The eigenvalues of A are \(\lambda _j = 4N^2 \textrm{sin}^2(j \pi / 2N)\), and its corresponding eigenvectors are \(u_j (k) = \sqrt{2/N} \textrm{sin}(j \pi k /N)\) [32].

Fig. 1
figure 1

Overall circuit representation of the algorithm for solving the one-dimensional Poisson equation. The numbers of qubits of registers A, E, and B are l, m, and n, respectively. Here \(m=i+f\), where i and f number of qubits in reg. E hold the integer and fractional parts of the eigenvalue. \(|\omega _j\rangle \) is the angular coefficient evolved from the approximated eigenvalue \(|\lambda _j\rangle \), the output of the QPE. The input \(|b\rangle _n = \sum _{i=1}^{2^n-1} b_i|i\rangle \) is prepared and stored in register B

The best classical algorithms for solving this problem run polynomially with matrix size [33], so the run time increases exponentially with the dimension of the problem. In this paper, a quantum algorithm is used to produce a quantum state representing the normalized solution of the problem. Since this technique runs in polylog time, the curse of dimensionality can be broken. Thus, we can solve the linear system of equations based on the HHL algorithm [12]. Our algorithm exploits properties of matrix A to efficiently implement the HHL algorithm by simulating the unitary operator \(e^{i A t}\). Though we are presenting an algorithm for the one-dimensional Poisson equation, this can be easily extended to the d-dimensional case [19, 23] as

$$\begin{aligned} A^{(d)} = \underbrace{A \otimes I \otimes \cdots \otimes I}_d + I \otimes A \otimes I \otimes \cdots \otimes I + \cdots \nonumber \\ + I \otimes \cdots \otimes I \otimes A. \end{aligned}$$
(4)

with the exponential \(A^{(d)}\) expressed in the form

$$\begin{aligned} e^{iA^{(d)}t} = \underbrace{e^{iAt} \otimes e^{iAt} \otimes \cdots \otimes e^{iAt}}_d. \end{aligned}$$
(5)

So, the quantum circuit simulating \(e^{iA^{(d)}t}\) is just the parallel execution of the circuit simulating \(e^{iAt}\) along the d dimension. In the following sections, we will focus on the one-dimensional Poisson equation.

Fig. 2
figure 2

Overall circuit for quantum phase estimation (QPE) that uses both integer and fractional parts of the eigenvalues through reg. E. \(U^{2^k}\) represents the unitary operator of \(\exp {(i2\pi A/2^{m-k})}\). QFT\(^\dagger \) represents the inverse quantum Fourier transform

3 Quantum algorithm and circuit design

The overall circuit diagram of our algorithm for solving the one-dimensional Poisson equation is presented in Fig. 1 [1, 23]. As the figure shows, the algorithm consists of three stages: phase estimation, controlled rotation, and uncomputation. Its circuit diagram has three main registers—reg. B, reg. E, and reg. A.

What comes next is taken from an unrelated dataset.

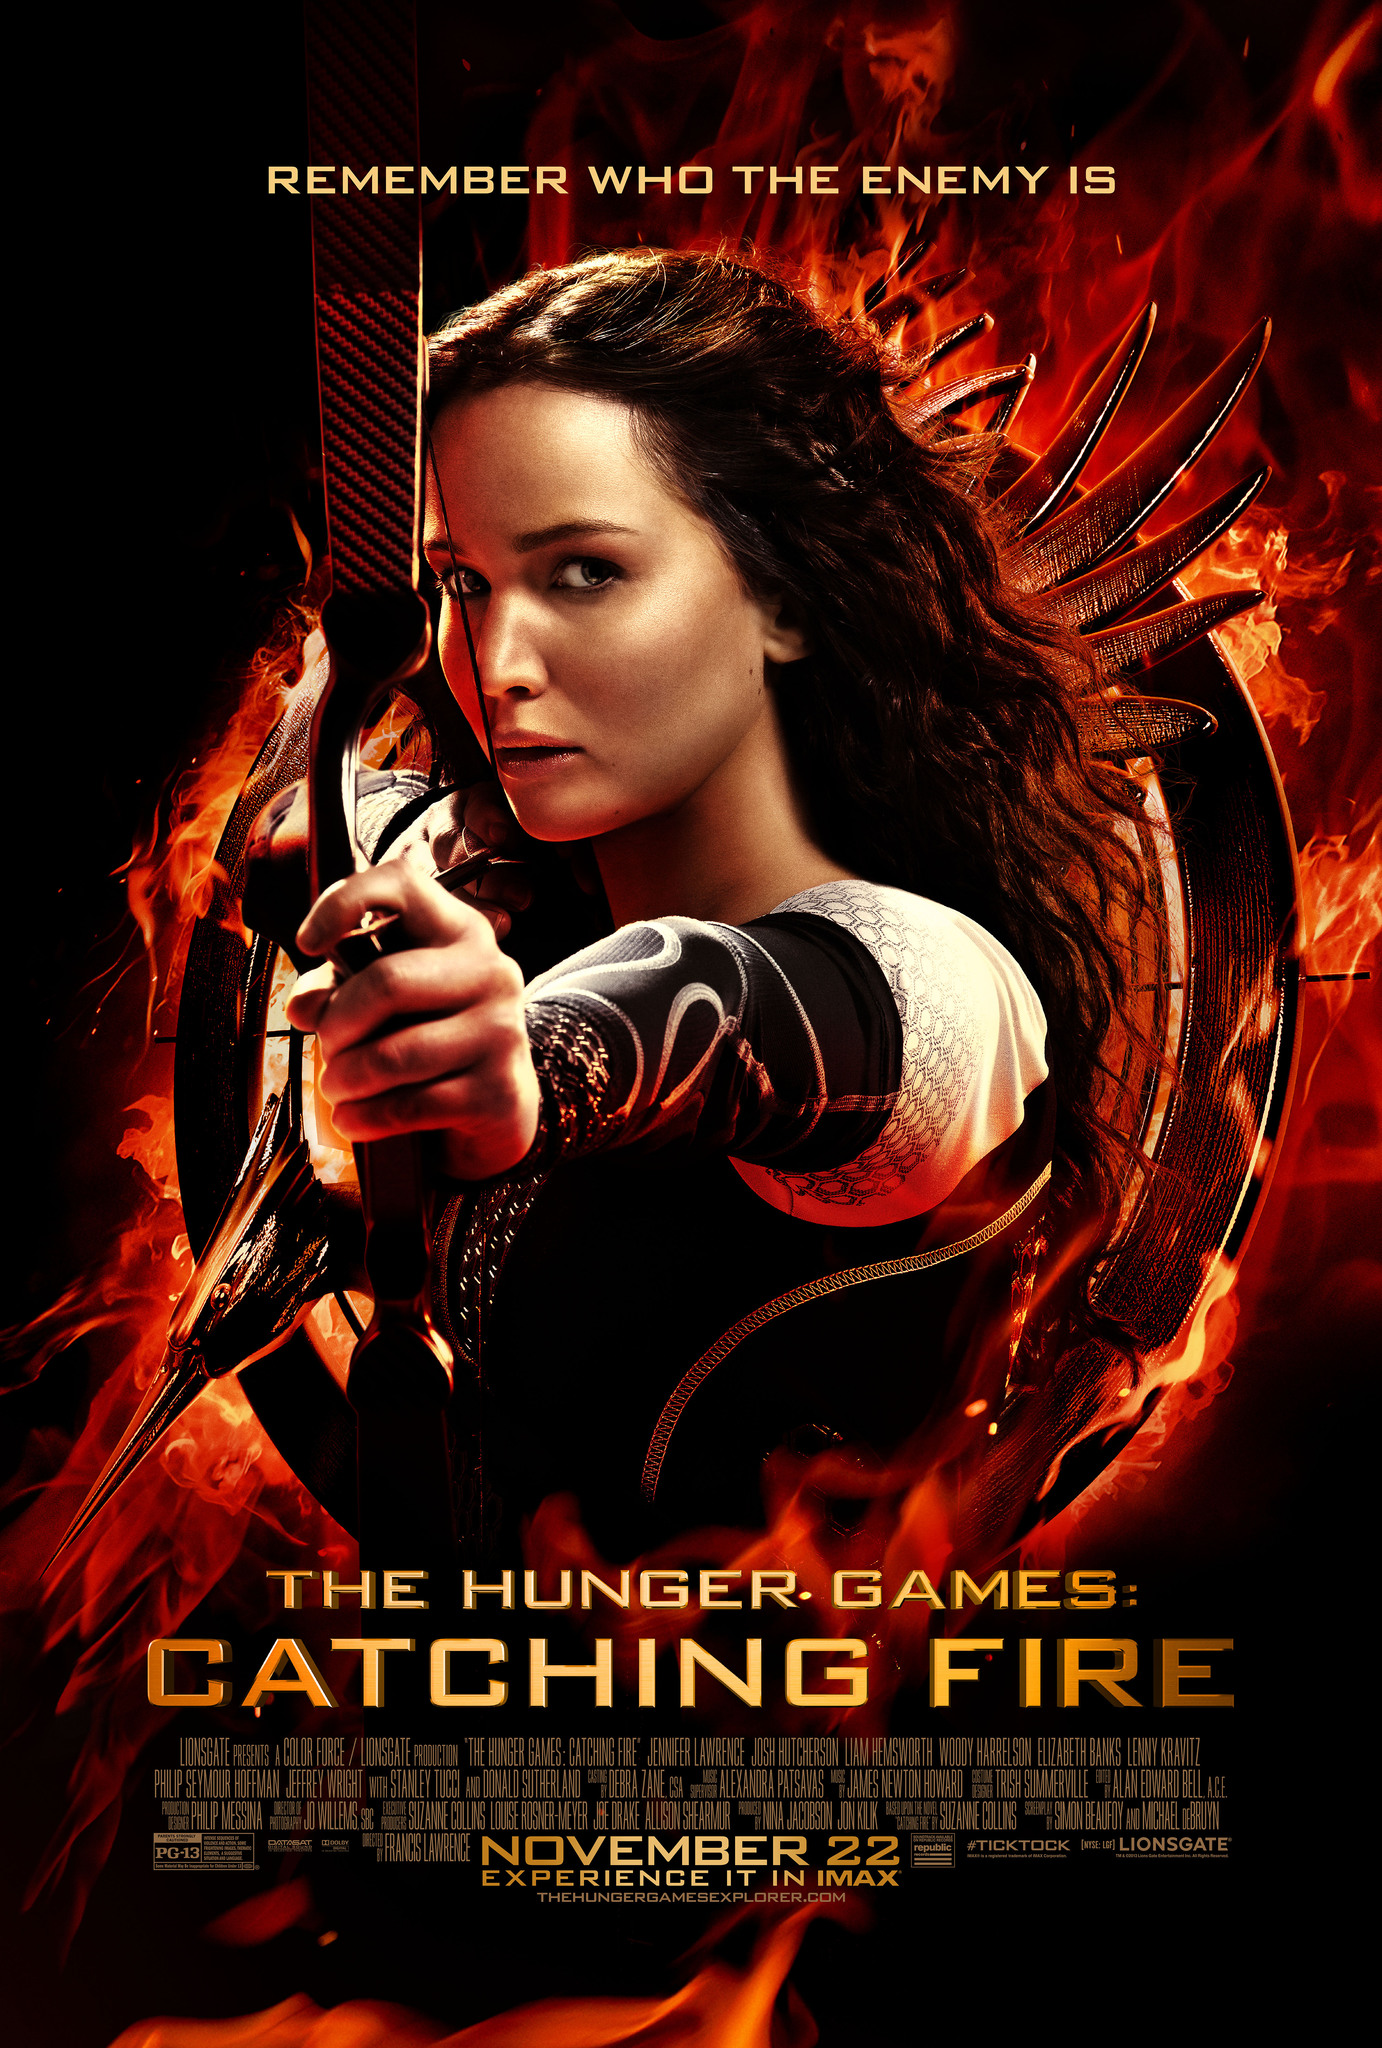 The Hunger Games: Catching Fire (2013), English Voice Over Wikia

  • Reg. B is used to encode the coefficients of the right-hand side of Eq. (1). Its number of qubits is \(n=\lceil \log (N^\prime ) \rceil \), where \(N^\prime \) is defined in Sect. 2.

  • Reg. E is used to store the approximated eigenvalues of matrix A. Its number of qubits is \(m = i + f\), where the first \(i = 2n + 2\) qubits hold the integer part and the remaining f qubits the fractional part of the eigenvalue.

  • Reg. A is used to store pre-calculated angular coefficients for the controlled rotation operation. Its number of qubits is chosen to be \(l \ge m\).

In this work, we assume that the input state \(|b\rangle \) of reg. B is prepared as \(\sum _i b_i|i\rangle \), where \(b_i\) is the value on the right-hand side of Eq. (3), and \(|i\rangle \) is the computational basis [34]. That is, the input \(|b\rangle \) contains the prerequisite state vector, the problem that we are trying to solve, which we then entangle with the approximated eigenvalues \({\lambda }_j\) on reg. E. The output of the algorithm thus is a quantum state that encodes the solutions of the Poisson equation as probability amplitudes on reg. B. Thus, this circuit is a process of quantum state preparation, with the output written as \(|v\rangle = A^{-1}|b\rangle = \sum _i\alpha _i|i\rangle \), where \(\alpha _i\) is the value of the solutions of the Poisson equation after normalization.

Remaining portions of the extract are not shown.